*** Material provided ***
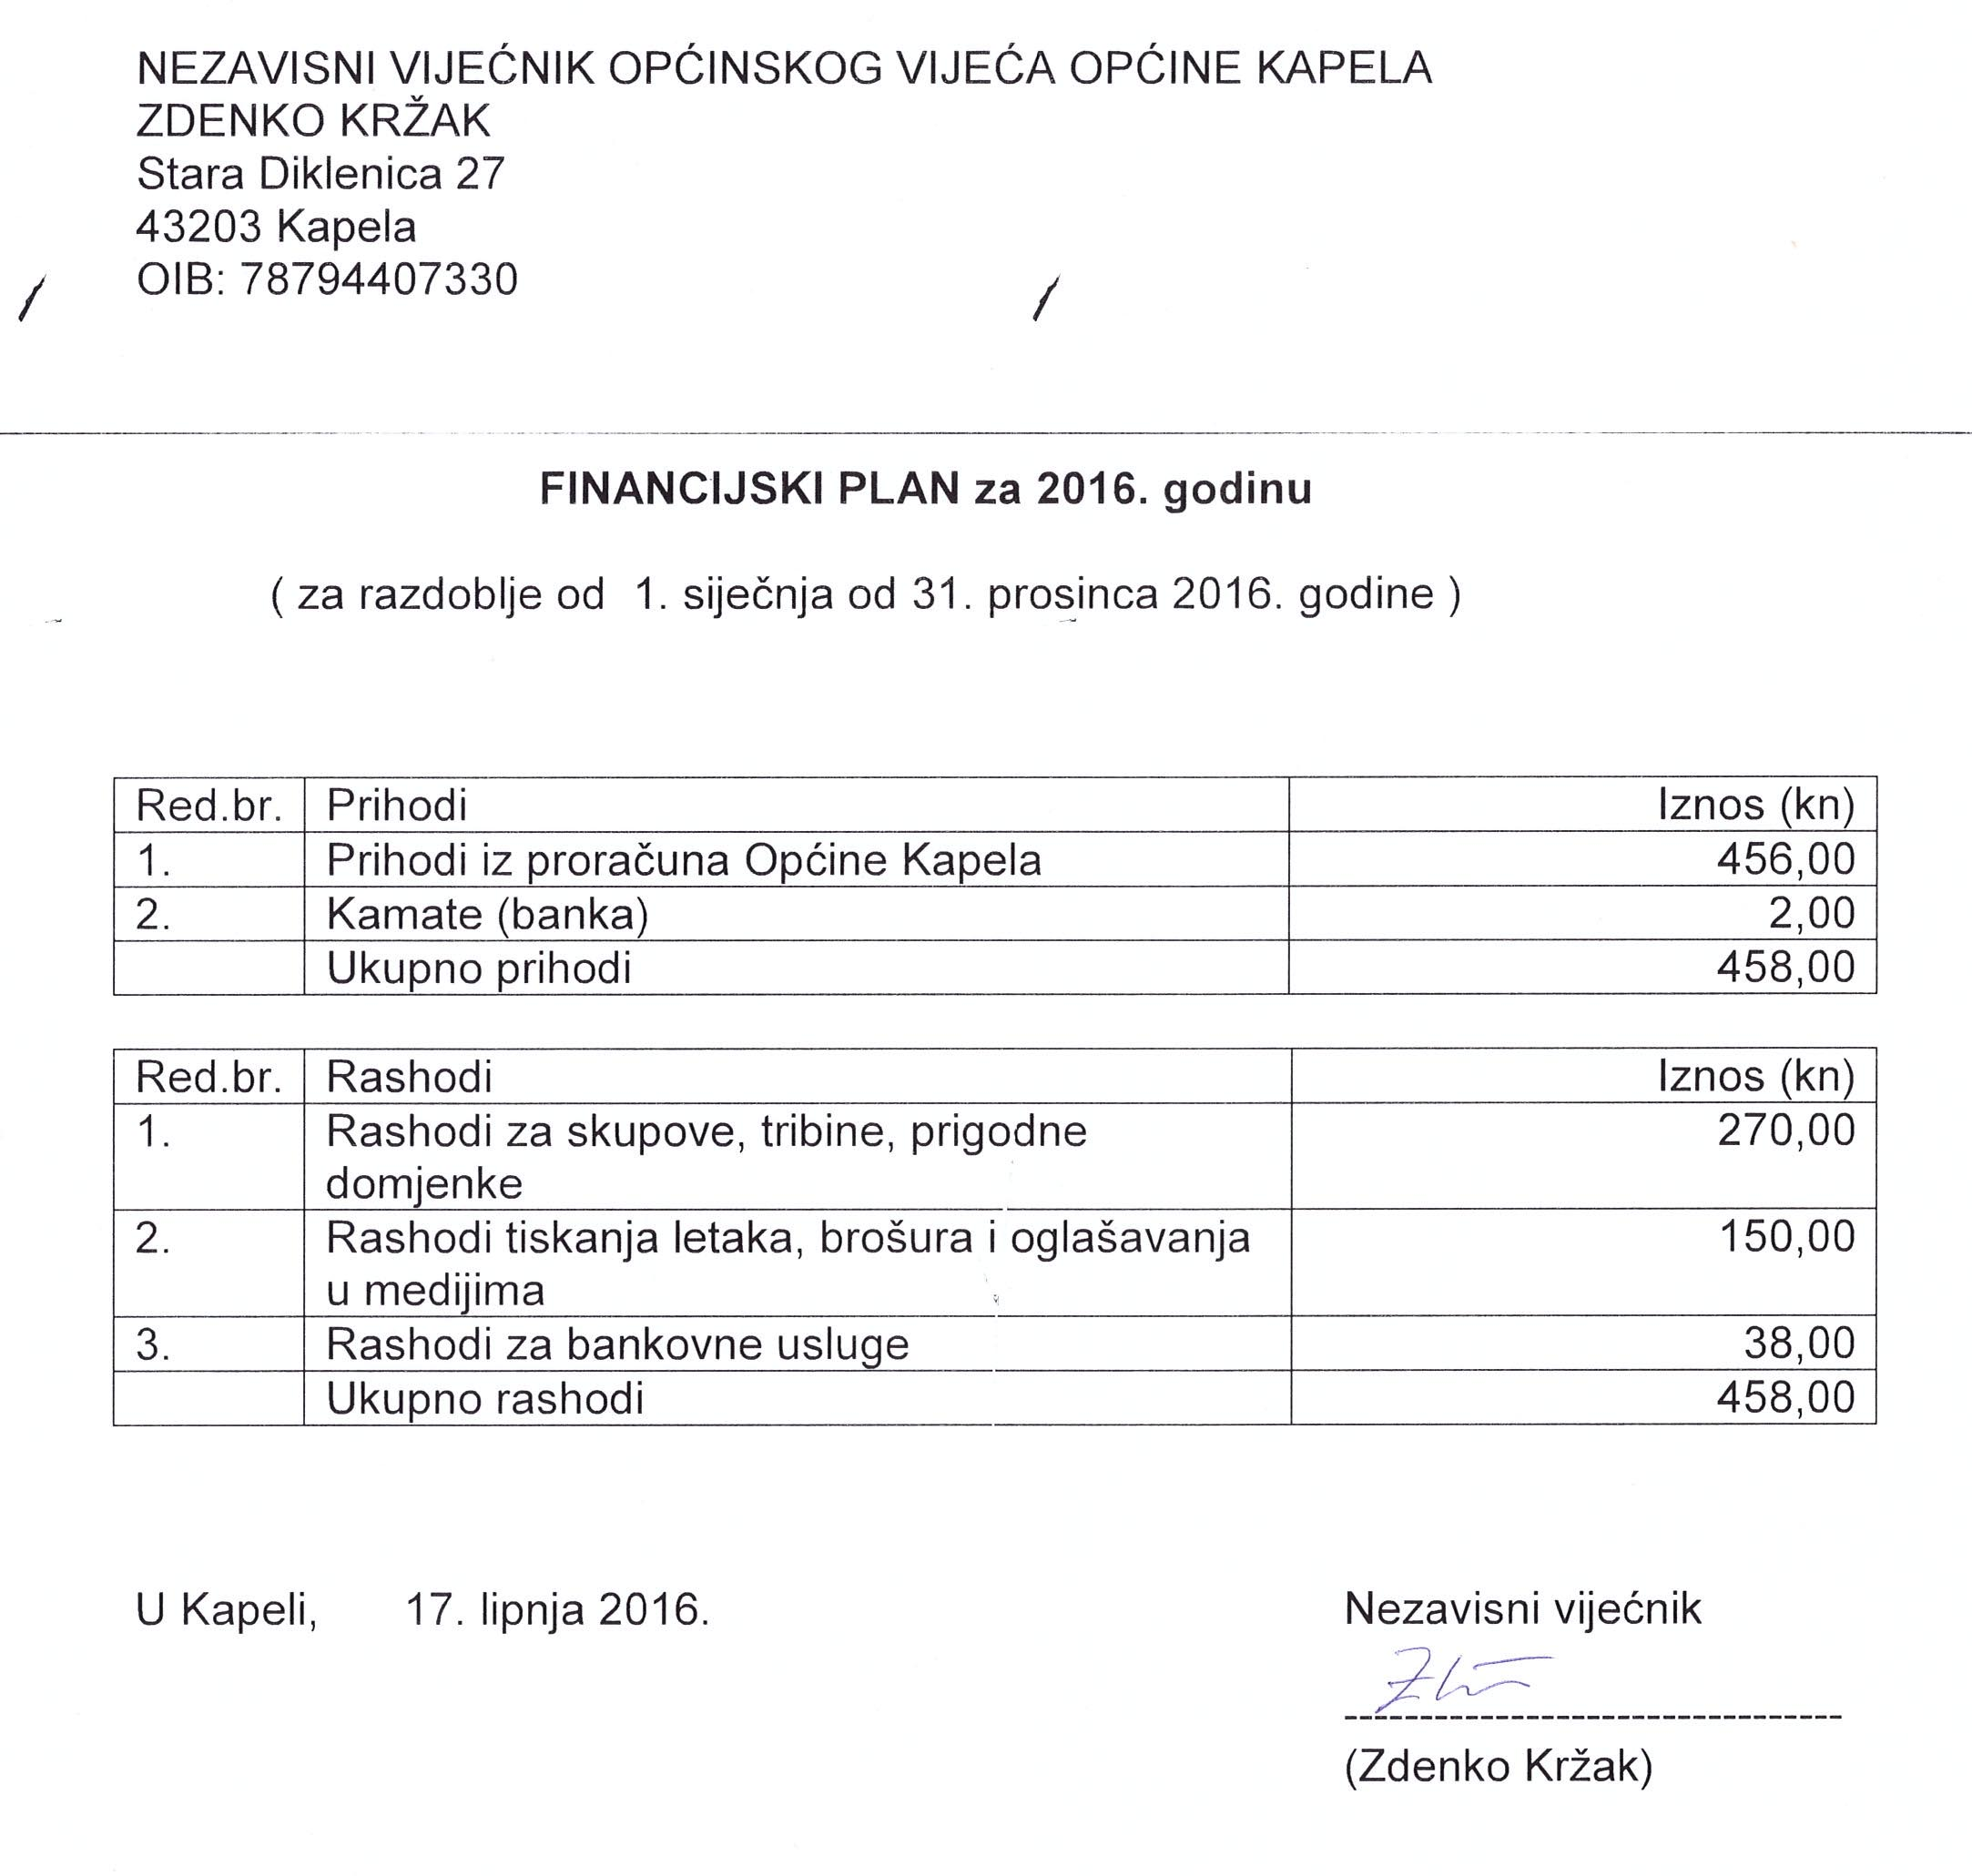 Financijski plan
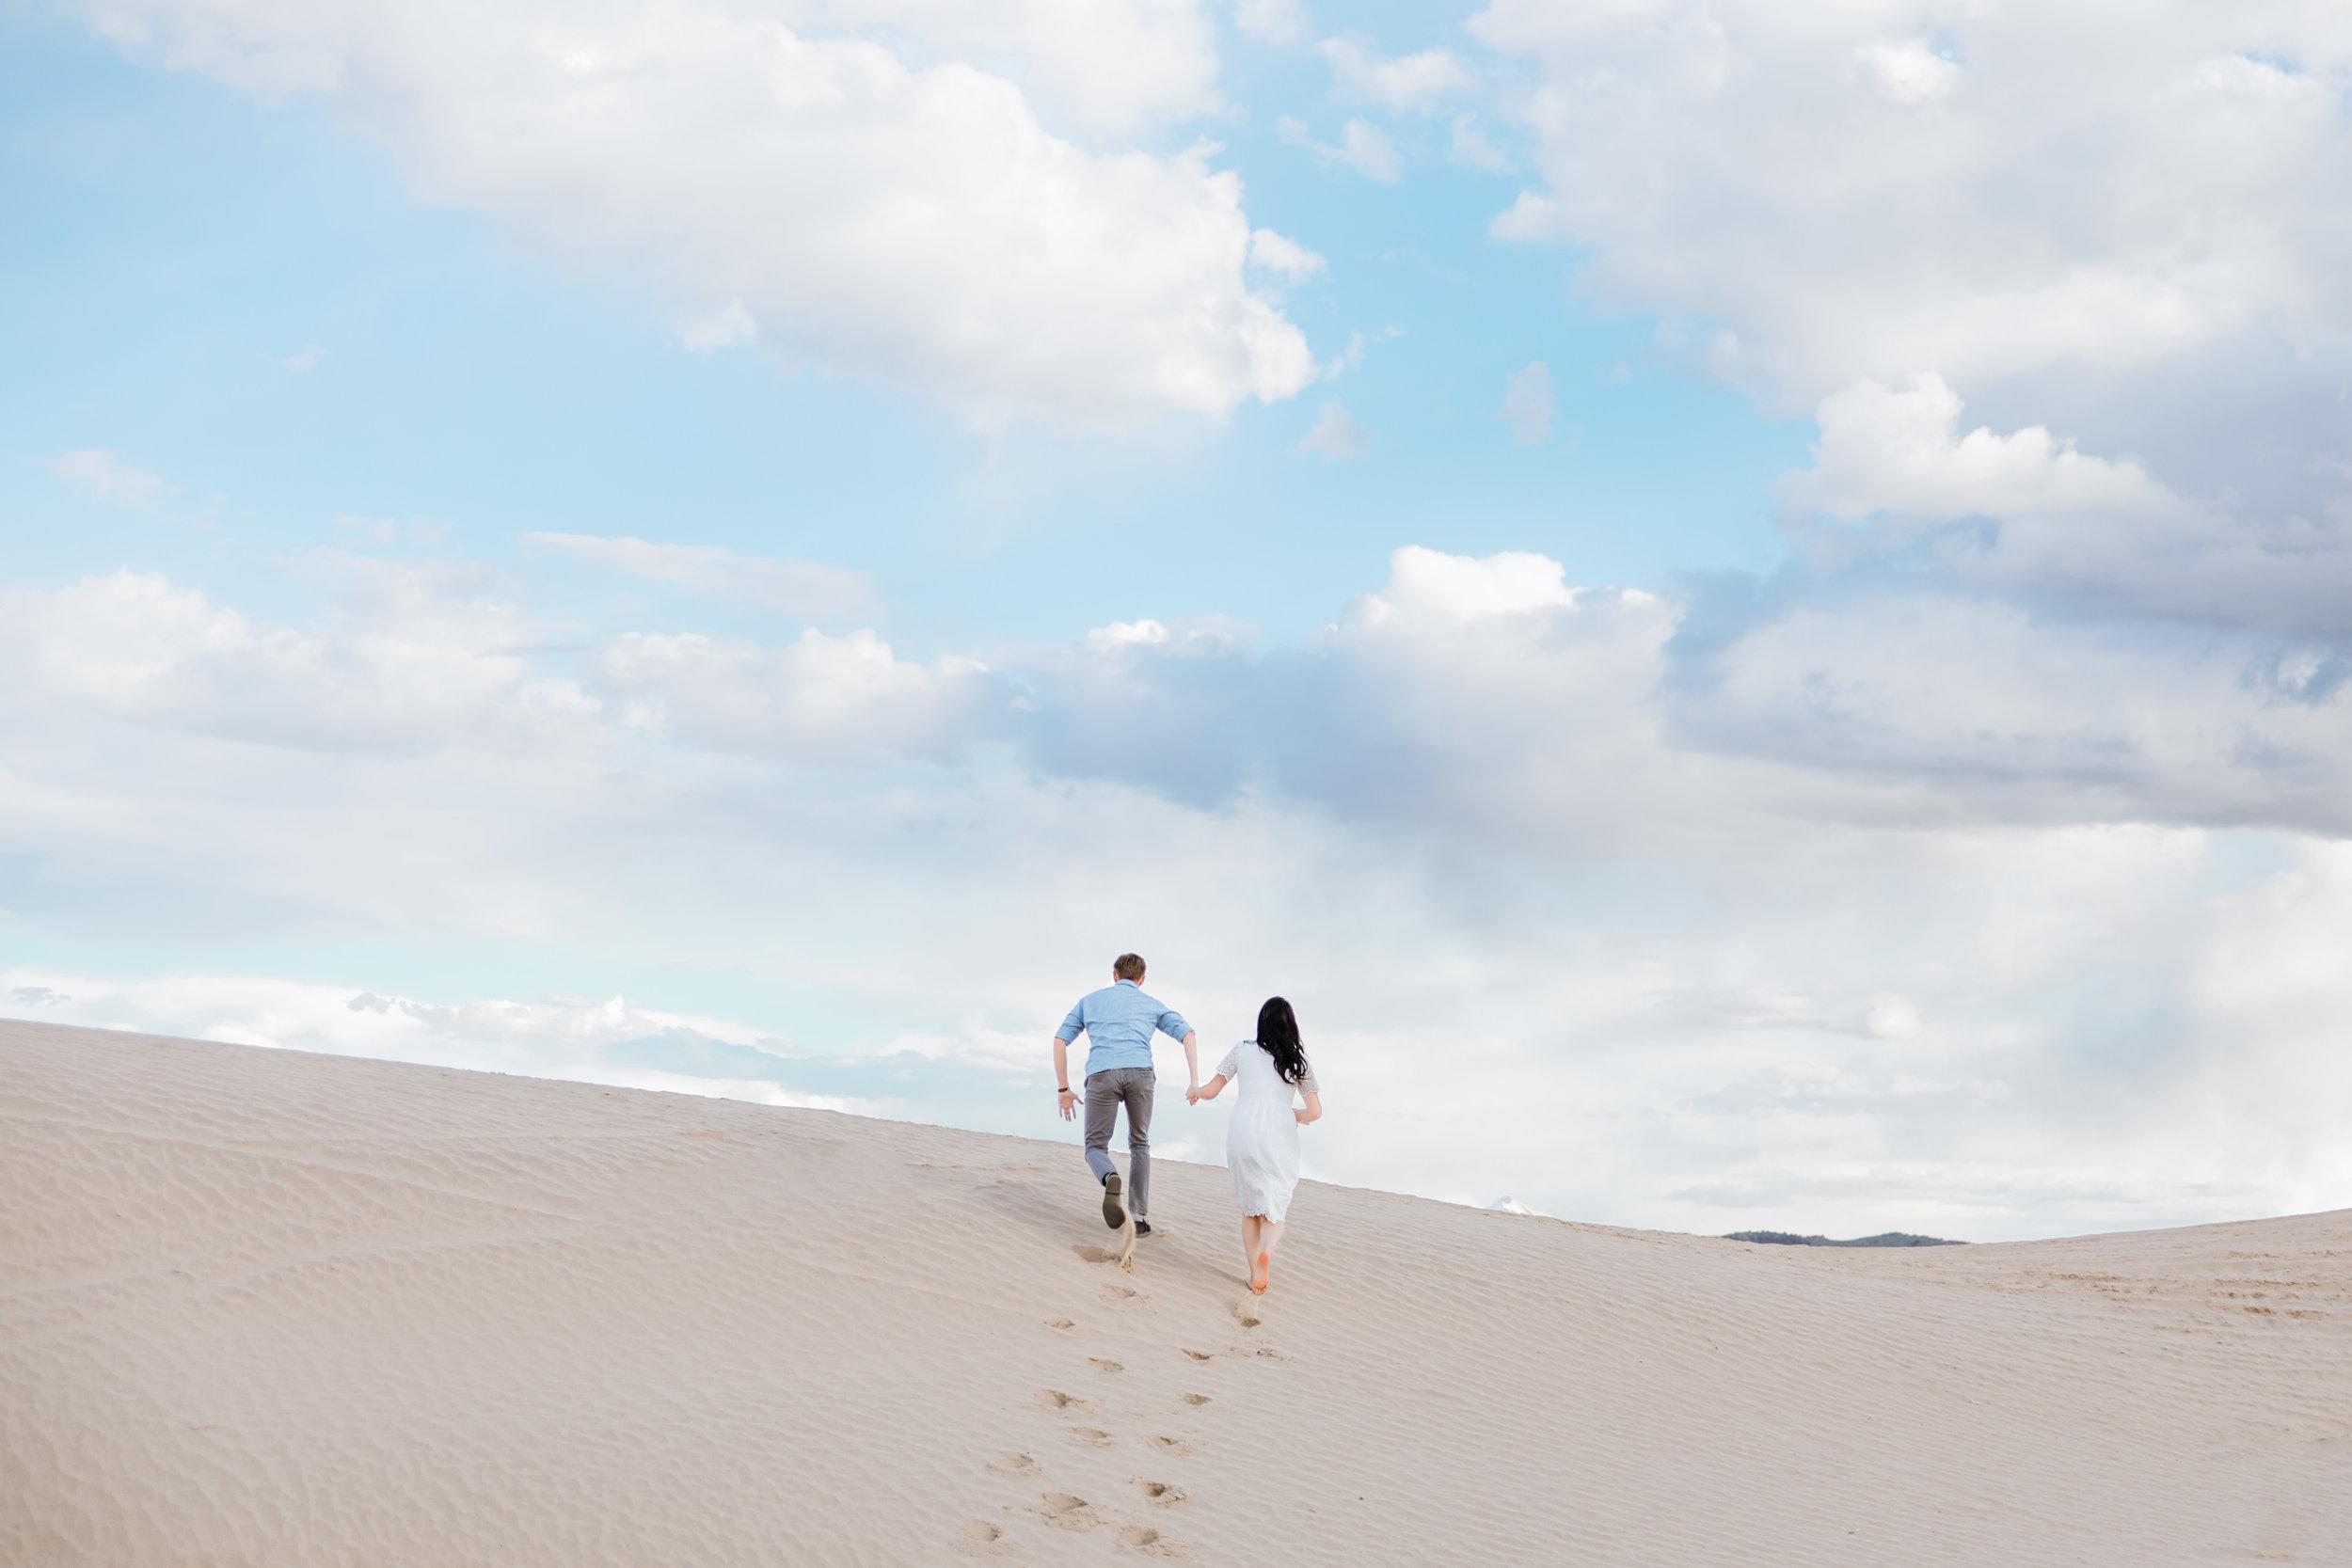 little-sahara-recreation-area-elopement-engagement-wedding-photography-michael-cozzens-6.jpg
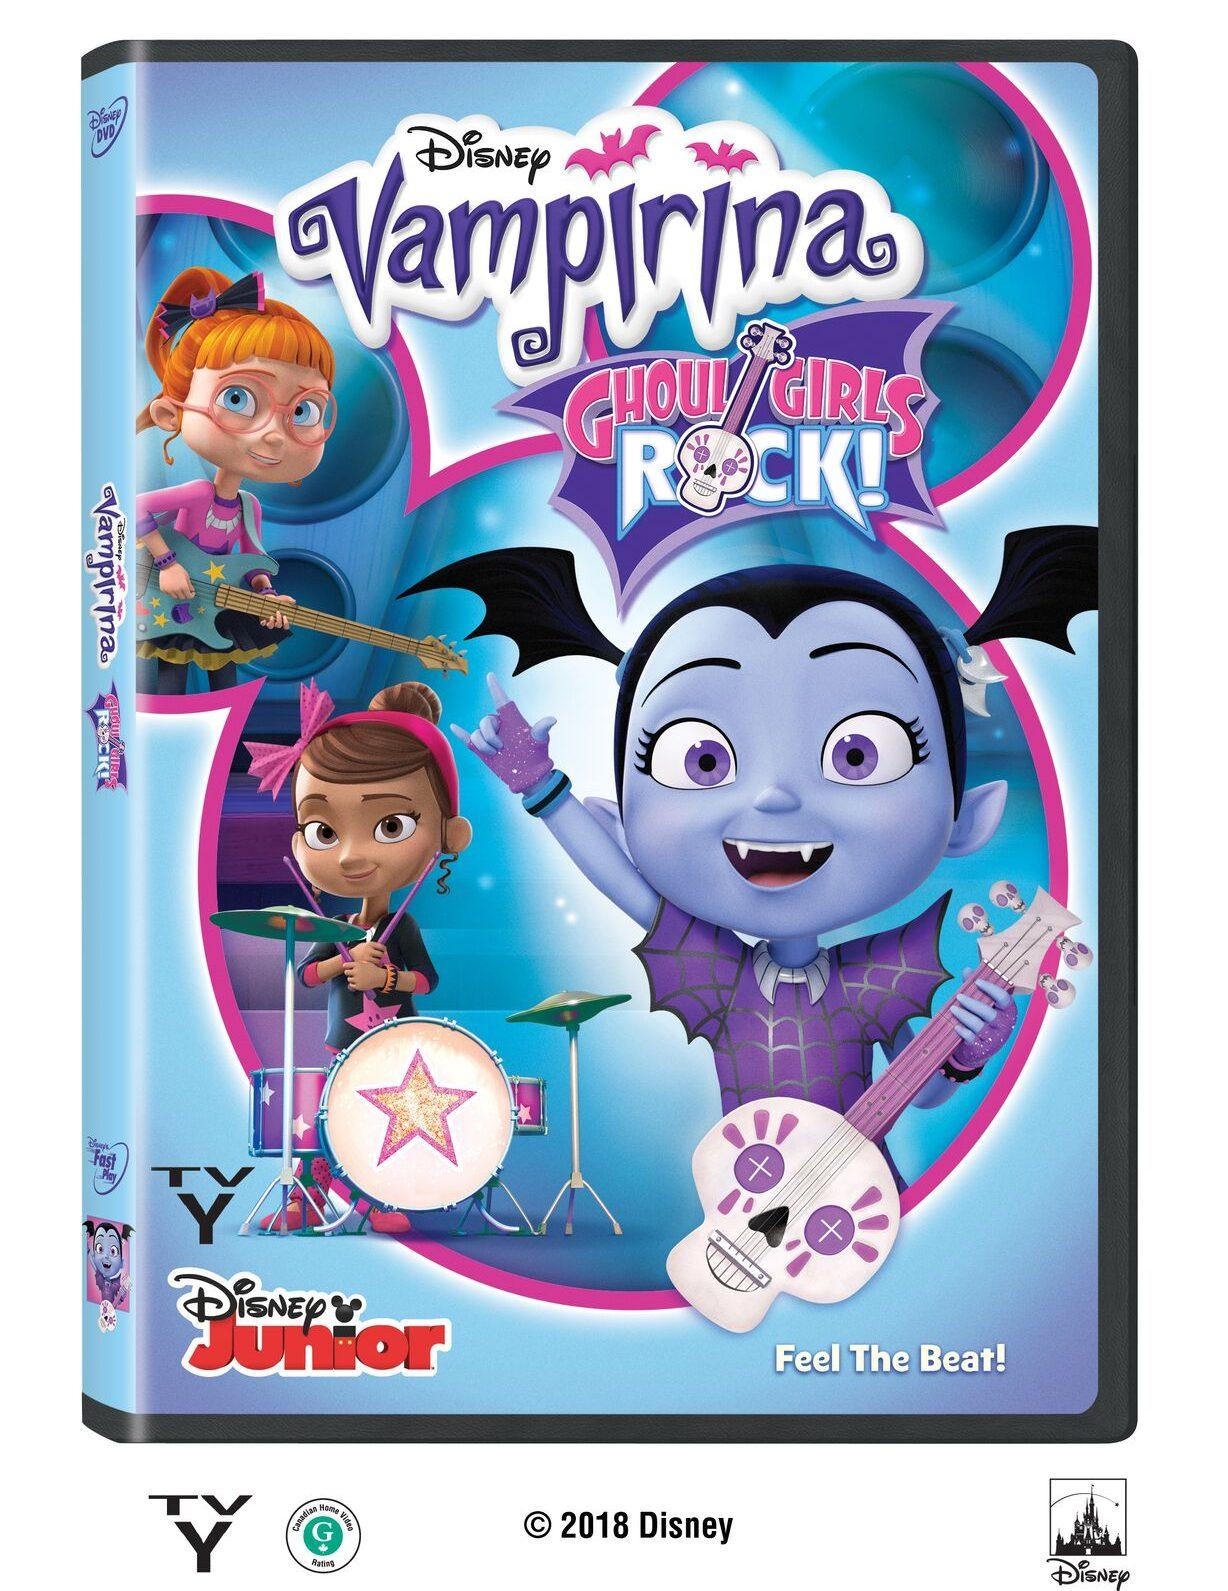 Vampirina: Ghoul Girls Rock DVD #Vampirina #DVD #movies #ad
***
## Instructions to follow
Could the data be reproduced exactly, with the pictures omitted?

## Answer space
 Financijski plan
 little-sahara-recreation-area-elopement-engagement-wedding-photography-michael-cozzens-6.jpg
 Vampirina: Ghoul Girls Rock DVD #Vampirina #DVD #movies #ad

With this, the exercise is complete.